- Born: August 11, 1937 (age 88) Boston, Massachusetts, U.S.
- Occupation: Anthropologist
- Known for: Tears of the Dead: The Social Biography of an African Family

= Richard Werbner =

American anthropologist (born 1937)

Richard P. Werbner (born August 11, 1937) is an American anthropologist who specializes in the Zimbabwe and Botswana region, including ritual, personal and historical narrative, politics, law, regional analysis. He has taught at the University of Manchester since 1961.

==Biography==

Professor Richard Werbner was born in Boston, Massachusetts, on 11 August 1937.
He studied at Brandeis University, conducting fieldwork among the Winnebago of Nebraska in 1958 and graduating with a BA in 1959.
He obtained a Fulbright Scholarship in 1959, through which he was able to go to the United Kingdom to study at Manchester University.
He began field studies in southern Africa in 1960 among the Kalanga people, first in Zimbabwe and later in Botswana, and then among the Tswapong people in Botswana.
In 1961 he was appointed a research assistant at Manchester University.
In 1968 he obtained a PhD from Manchester University.

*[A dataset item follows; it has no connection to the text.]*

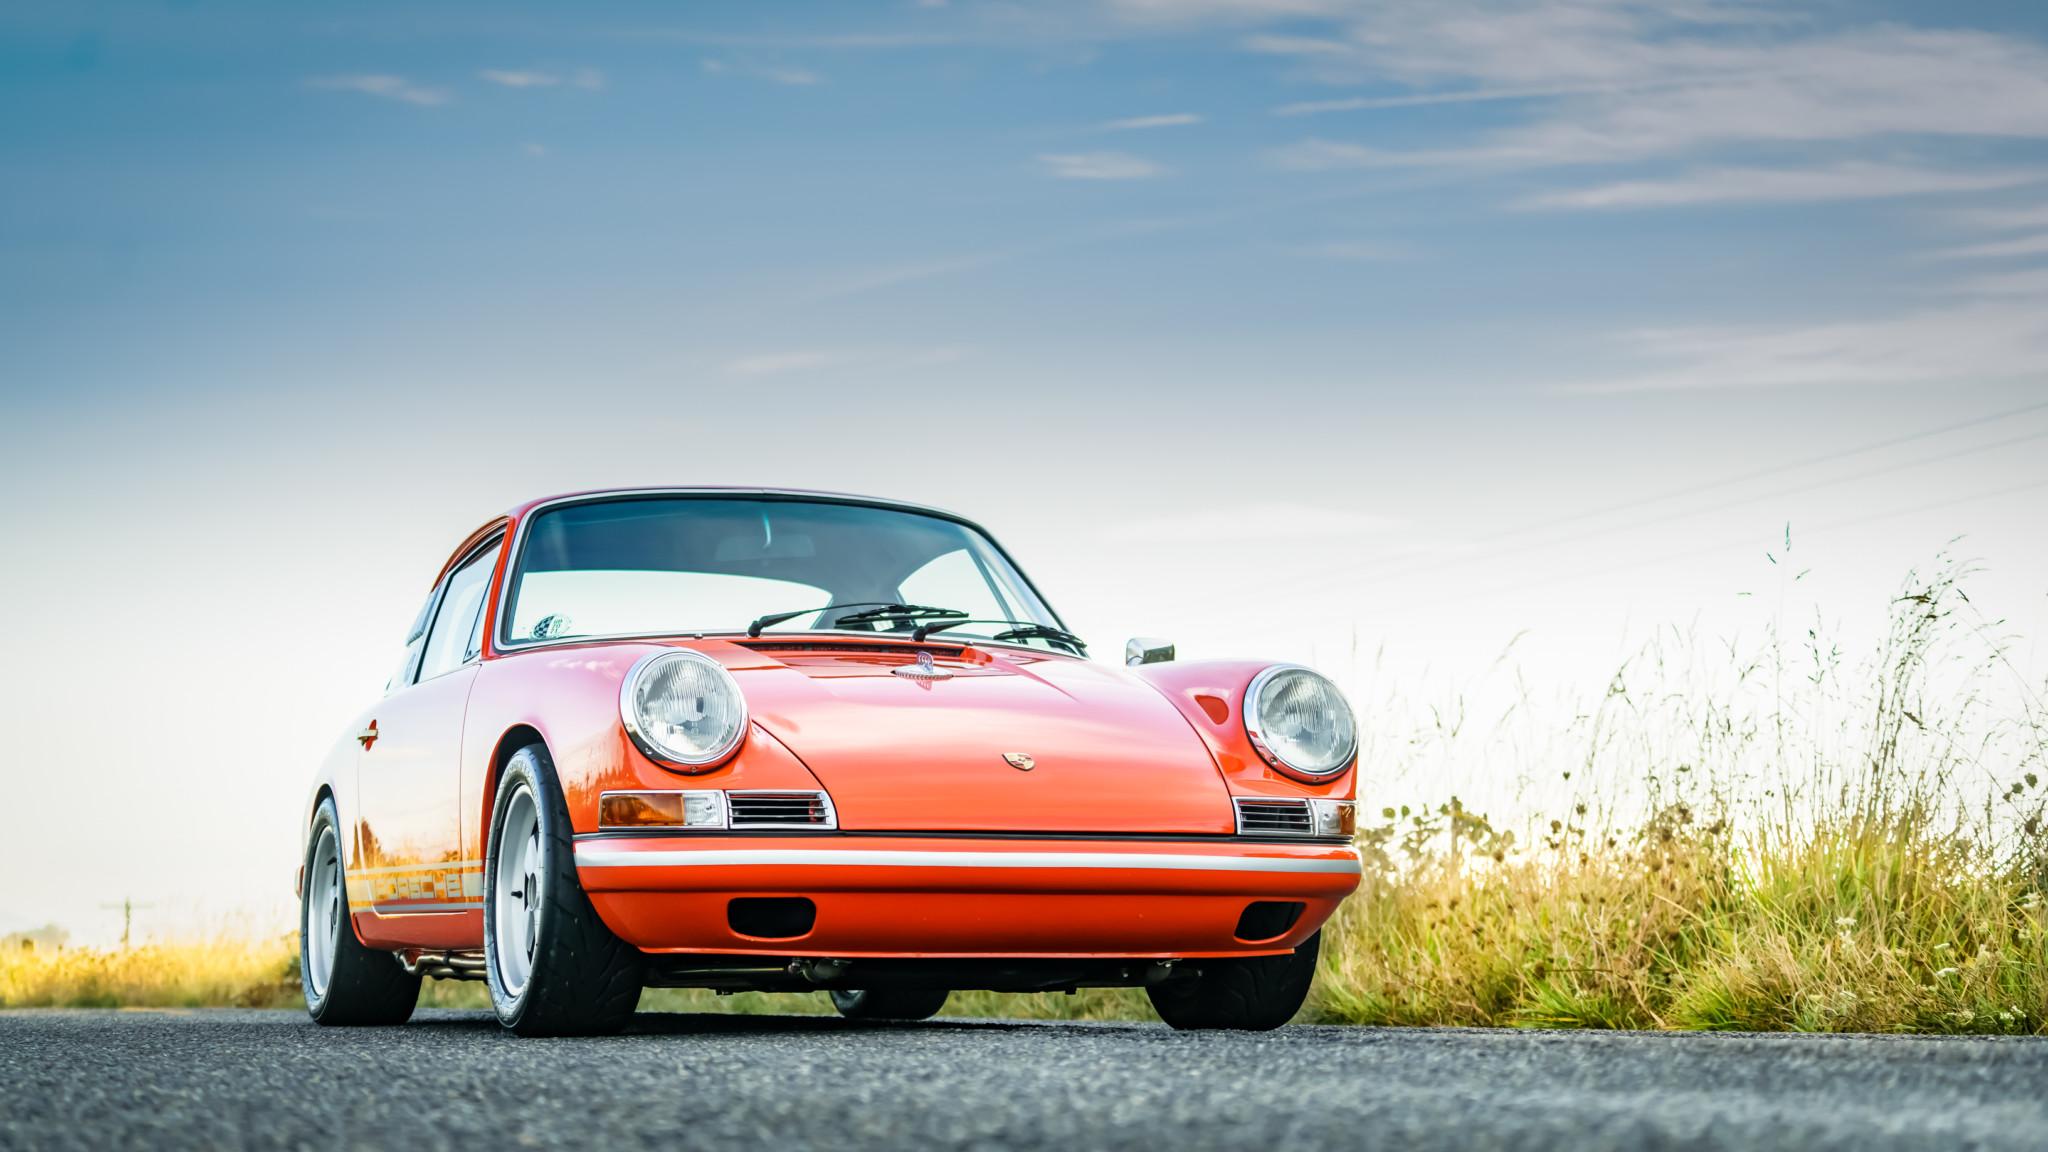 Tuned 1968 Porsche 912 Papel De Parede Hd Plano De Fundo 2048x1152 Id 1017280 Wallpaper Abyss

He married and is the father of two children.
His wife Pnina Werbner, also a professor of anthropology, was the niece of Max Gluckman, a South African anthropologist who did important work in Barotseland and was a leading figure at the Manchester school.
After Gluckman died in 1975, Werbner assumed the role of continuing his legacy at the Manchester school.

He has taught as a visitor at the Catholic University of Leuven, the Hebrew University of Jerusalem, the University of California, Berkeley, the Smithsonian Institution, Washington, D.C., the University of Bergen, the University of California, San Diego, Macquarie University, Sydney, the Australian National University, Canberra, the University of Hradec Králové, Czech Republic and the University of Botswana, Gaborone.
As of 2012 Werbner was Professor Emeritus in African Anthropology, Honorary Research Professor in Visual Anthropology, and Director of the International Centre for Contemporary Cultural Research at Manchester University.

==Reception==

Werbner won the Amaury Talbot Prize of the Royal Anthropological Institute for his 1991 book Tears of the Dead: The Social Biography of an African Family.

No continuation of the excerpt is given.